Paula considered the question carefully. She had arrived prepared to share a great deal of information, but the alteration of secure navy records was a nasty surprise. There was no way of telling how trustworthy Wilson and Oscar actually were. Until she was certain, she had to regard option three as highly probable, which meant limiting the information she made available. “I have reason to believe that a legal firm and a bank in New York have been acting as a financial distribution center for the Starflyer. The specialists I’ve had examining their accounts have come up with an interesting connection. A Mr. Seaton, who is one of the lawyers we’re trying to locate, sat as a nonexecutive director on the board of Bayfoss Engineering.”

“They manufacture sensor satellites,” Oscar said quickly. “We used their ground survey models in the CST exploration division to map new planets.”

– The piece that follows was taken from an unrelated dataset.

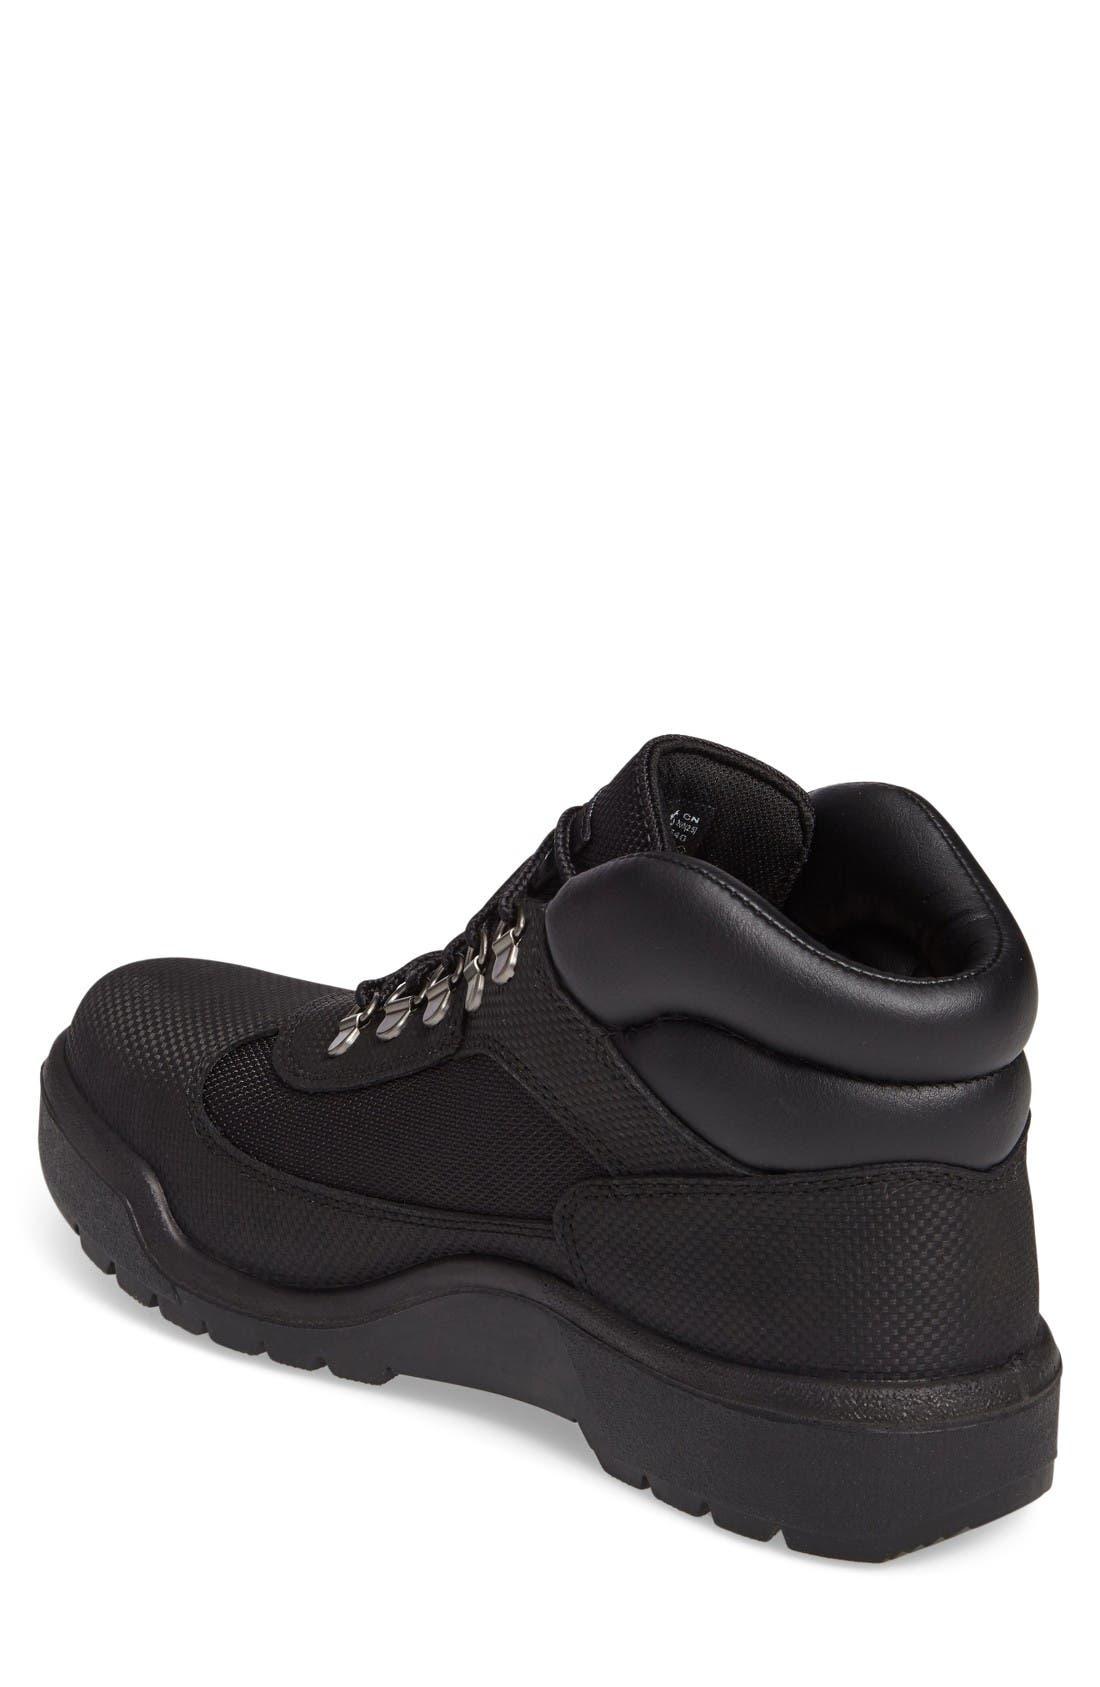 Alternate Image 2  - Timberland Field Waterproof Hiking Boot (Men)

“They also manufactured the
Armstrong
-class satellites which the
Second Chance
carried,” Paula said. “That means the actual hardware integrated into the satellites must be considered suspect.”

“Oh, shit,” Wilson whispered. He and Oscar swapped a horrified look.

“How many did we lose in the Dark Fortress?”

“Nine satellites total,” Oscar said. “Four of them were
Armstrong
-class.”

“And just after that, the barrier came down.”

“Did the Starflyer know how to switch it off?”

“That depends,” Paula said. “If you take the Guardians’ assumption that this whole war was deliberately engineered by the Starflyer, then it is highly likely that one or more of those satellites contained a device capable of shutting down the barrier.”

“And the traitor on board triggered the damn thing while we were there,” Oscar said. He closed his eyes as if he were in pain. “So we did switch off the barrier and let them out? Oh, God.”


We,
as in humans, did not,” Paula said. “We were, however, manipulated to produce the result it required.”

“How did it know?” Wilson asked in confusion. “If it planned all this out decades ago, it must have known the Primes were inside the barrier, and known how to shut that barrier down. How?”

“That’s certainly something I intend to ask it when I finally catch up with it,” Paula said. “But for now I suggest you concentrate on this information as an exercise in damage limitation. I believe Bayfoss is still supplying the navy with equipment? Their shareholder report certainly claims they’re doing well on military sales.”

“Yes,” Wilson said. “They’re a specialist astroengineering company; we use them extensively.”

“Is it for anything critical?”

He nodded slowly. “Yes, they have contracts to supply several highly classified projects.”

“Perhaps you’d better take a close look at the components they’re delivering.”

Ozzie woke up as slim beams of bright sunlight slid across his face. Their side of Island Two was rotating back to face the sun again after nine hours cloaked within its own umbra. Here in the gas halo, “night” wasn’t anything like as dark as it would be on a planet, but it did give them a reasonable break from the relentless glare. He checked his watch; he really had been asleep for nine hours. It was taking his body a long time to recuperate from those days spent in freefall.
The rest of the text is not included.